A feature quantity specifying unit that specifies a feature quantity for each word that constitutes the first sentence and the second sentence,
A role specifying unit that specifies the grammatical role of each word that constitutes the first sentence and the second sentence, and
The degree of similarity between the feature quantity of the words constituting the first sentence and the feature quantity of the words constituting the second sentence and having a role common to the words constituting the first sentence. A word-to-word similarity specification part that specifies a certain word-to-word similarity,
It is provided with an inter-sentence similarity specifying unit that specifies the inter-sentence similarity, which is the similarity between the first sentence and the second sentence based on the inter-word similarity for each word.
When the second sentence does not have a word having the same role as the word constituting the first sentence, the inter-word similarity specifying unit has inter-word similarity related to the word constituting the first sentence. A similarity identification device that sets the degree to a predetermined penalty value.

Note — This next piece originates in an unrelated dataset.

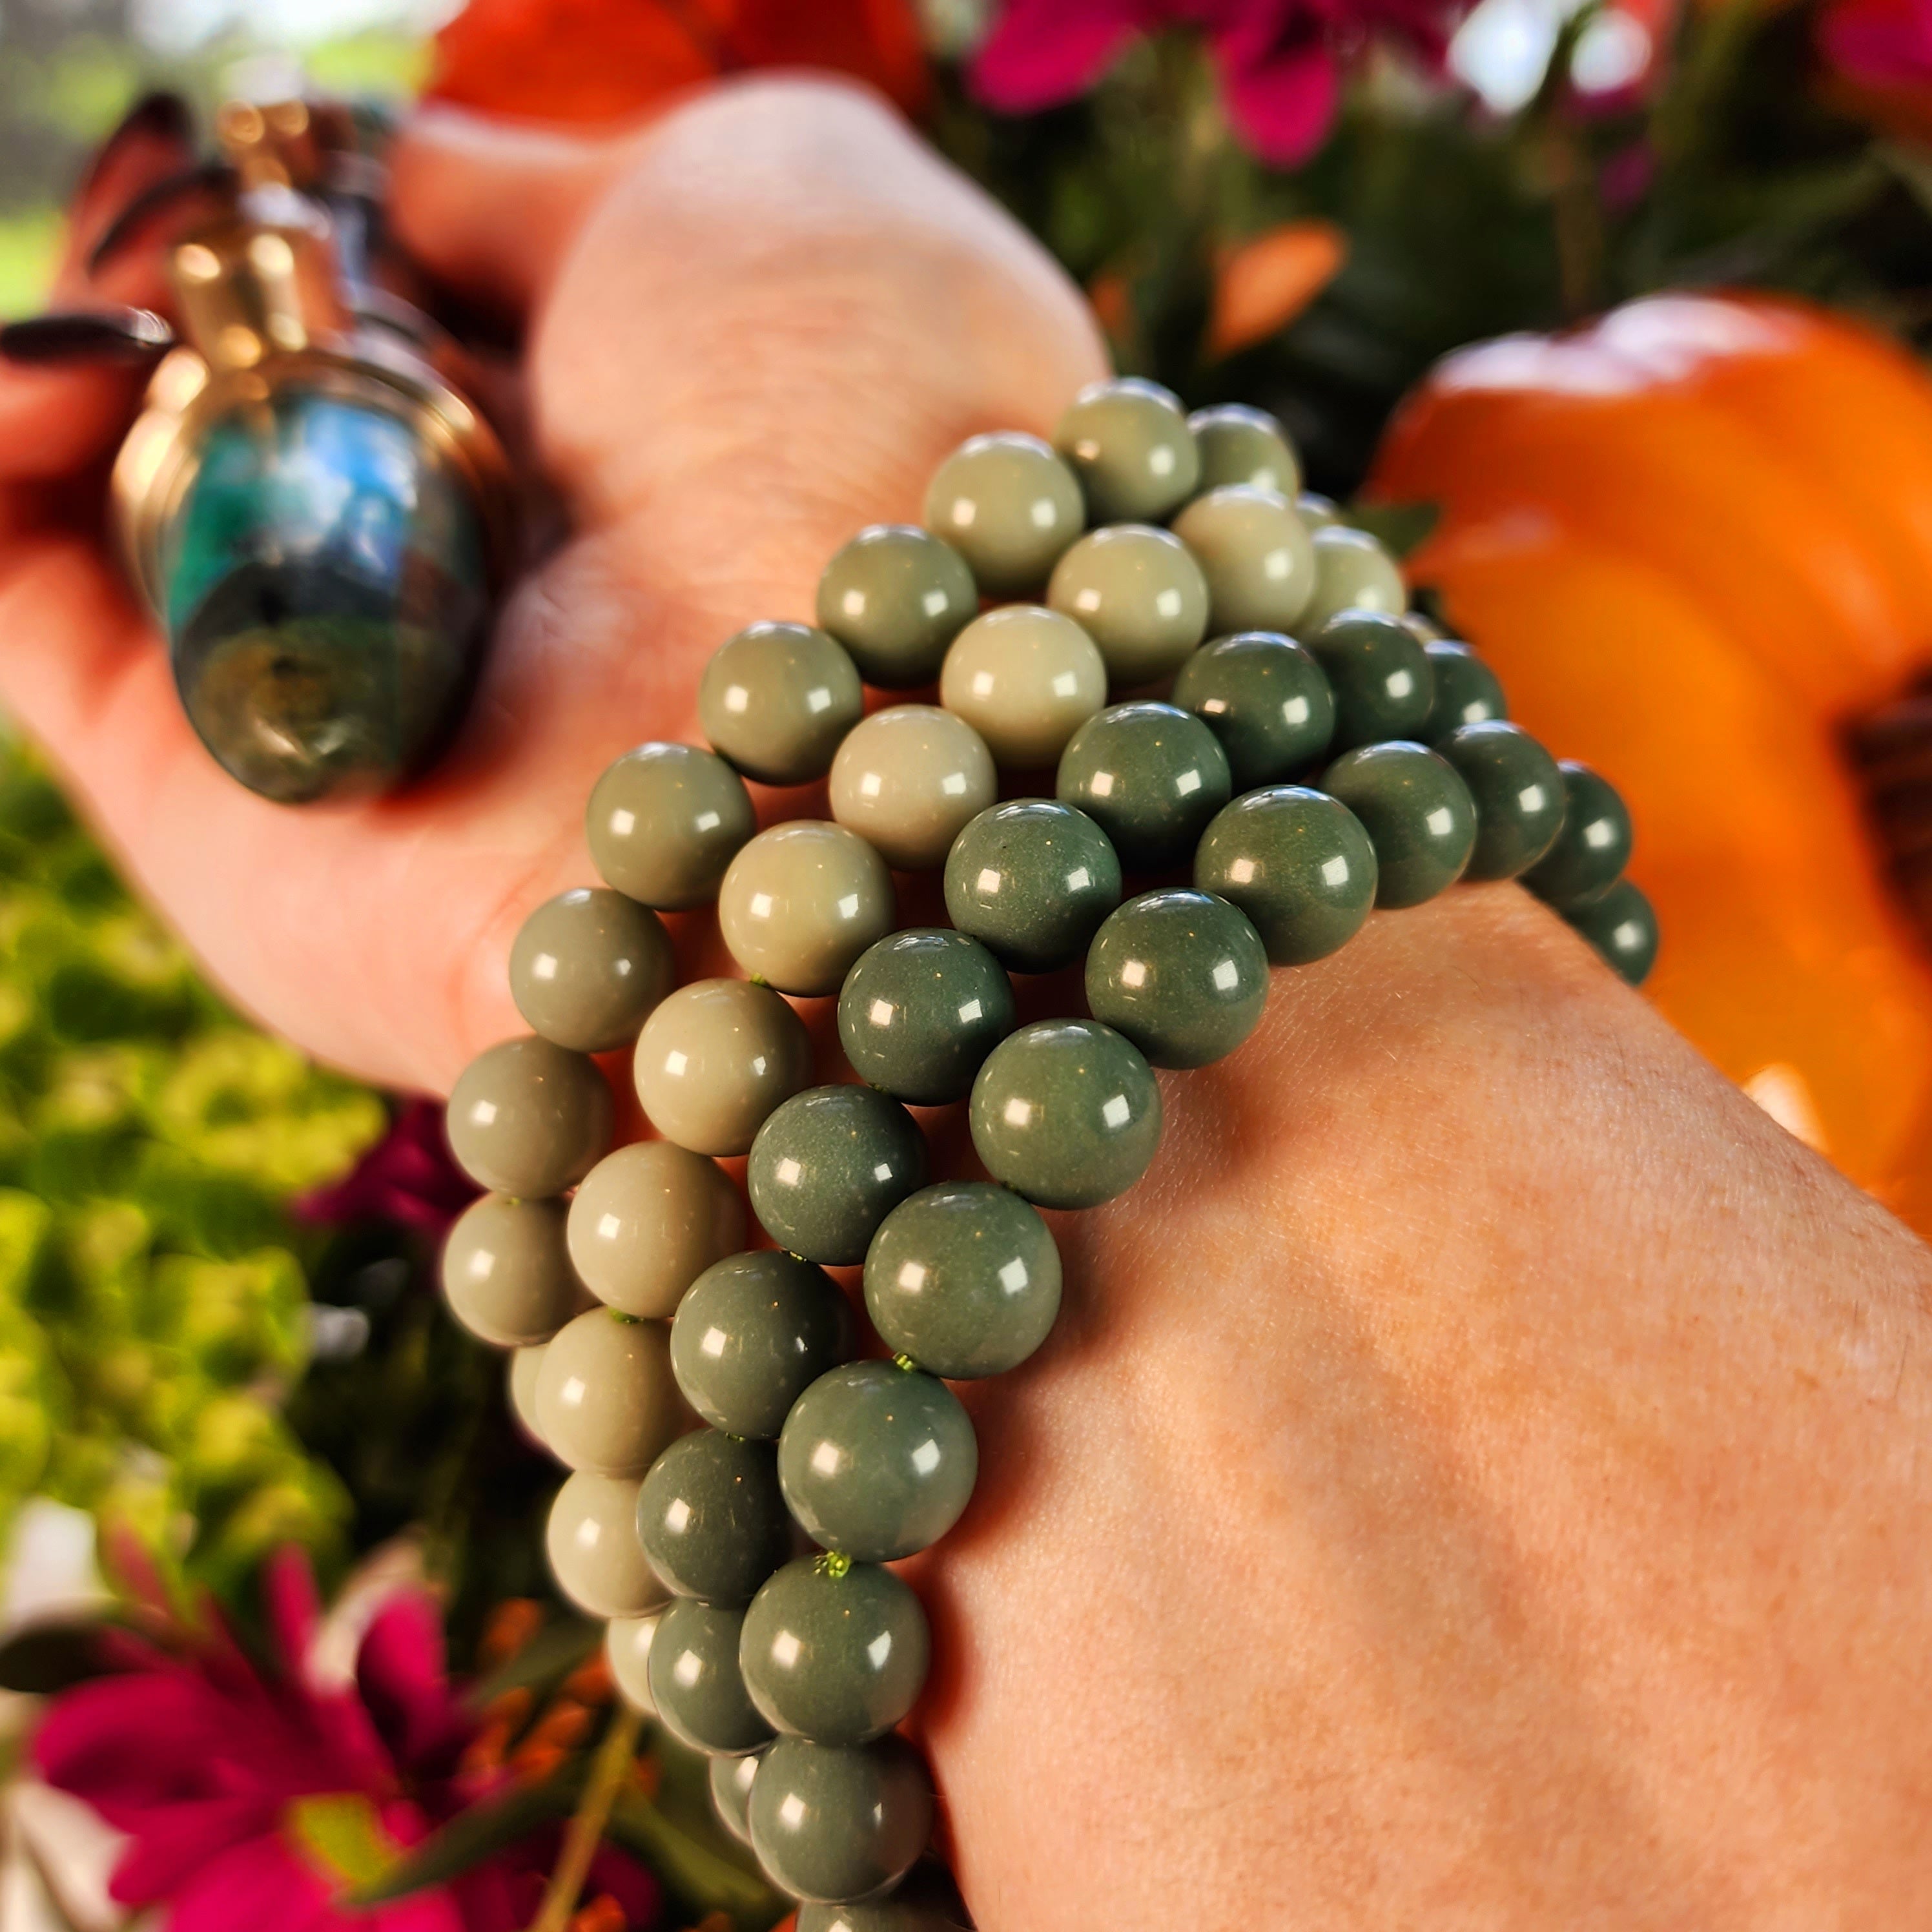 Blue Alashan Agate Bracelet for Chasing your Dreams, Enhanced Memory, Protection & Stress Relief

The similarity degree according to claim 1, wherein the sentence-to-sentence similarity specifying unit specifies the sentence-to-sentence similarity by calculating the weight sum of the word-to-word similarity using a weighting coefficient according to the role of the word. Specific device.

The similarity identification device according to claim 1 or 2, wherein the feature quantity is a vector having a number of dimensions smaller than the number of vocabularies.

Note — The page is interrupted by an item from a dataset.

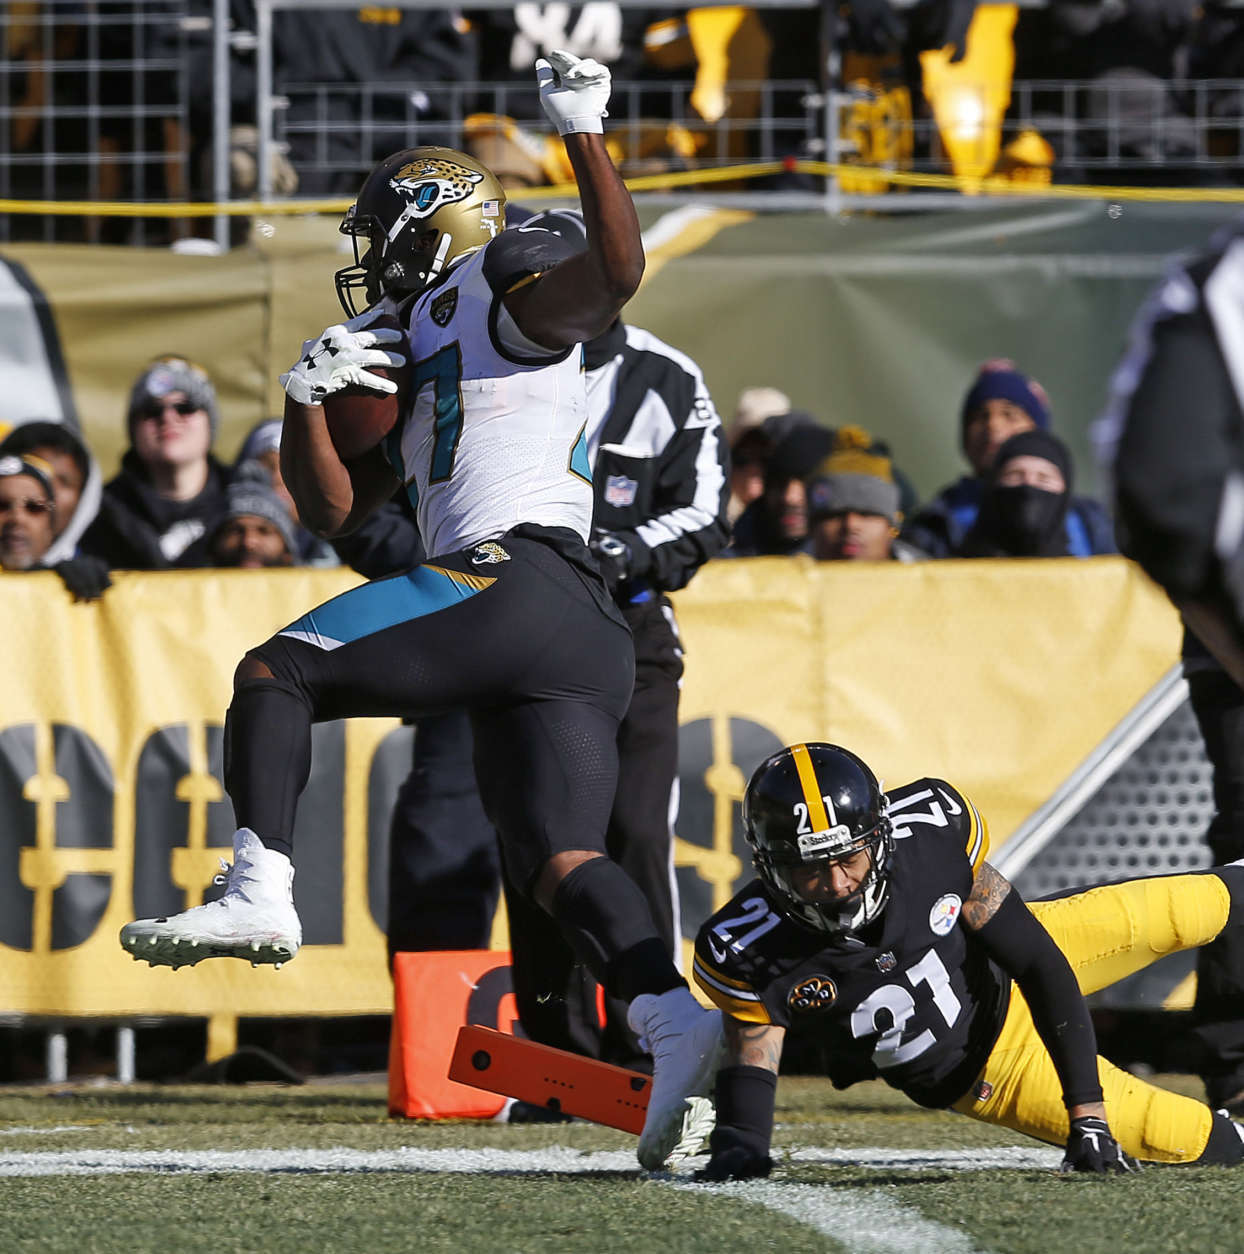 Jacksonville Jaguars running back Leonard Fournette (27) makes it into the end zone for a touchdown with Pittsburgh Steelers cornerback Joe Haden (21) defending during the first half of an NFL divisional football AFC playoff game in Pittsburgh, Sunday, Jan. 14, 2018. (AP Photo/Keith Srakocic)

The similarity specifying device according to any one of claims 1 to 3, wherein the role specifying unit specifies a role for each word based on the result of parsing processing.

A step in which the computer identifies the features for each word that composes the first sentence and the second sentence.
A step in which the computer identifies the grammatical role of each word constituting the first sentence and the second sentence.
The computer has a feature amount of a word that constitutes the first sentence and a feature amount of a word that has the same role as the word that constitutes the first sentence among the words that constitute the second sentence. Steps to identify word-to-word similarity, which is the degree of similarity,
When the computer does not have a word having the same role as the word constituting the first sentence in the second sentence, a predetermined penalty is given to the inter-word similarity related to the word constituting the first sentence. Steps to value and
A method for specifying similarity, which comprises a step in which the computer specifies inter-sentence similarity, which is the degree of similarity between the first sentence and the second sentence, based on the inter-word similarity for each word.

On the computer
Steps to identify features for each word that makes up the first and second sentences,
A step of identifying the grammatical role of each word constituting the first sentence and the second sentence, and
It is the degree of similarity between the feature amount of the word constituting the first sentence and the feature amount related to the word having the same role as the word constituting the first sentence among the words constituting the second sentence. Steps to identify word-to-word similarity and
When the second sentence does not have a word having the same role as the word constituting the first sentence, the step of setting the inter-word similarity related to the word constituting the first sentence to a predetermined penalty value. When,
A program for executing a step of specifying the inter-sentence similarity, which is the similarity between the first sentence and the second sentence, based on the inter-word similarity for each word.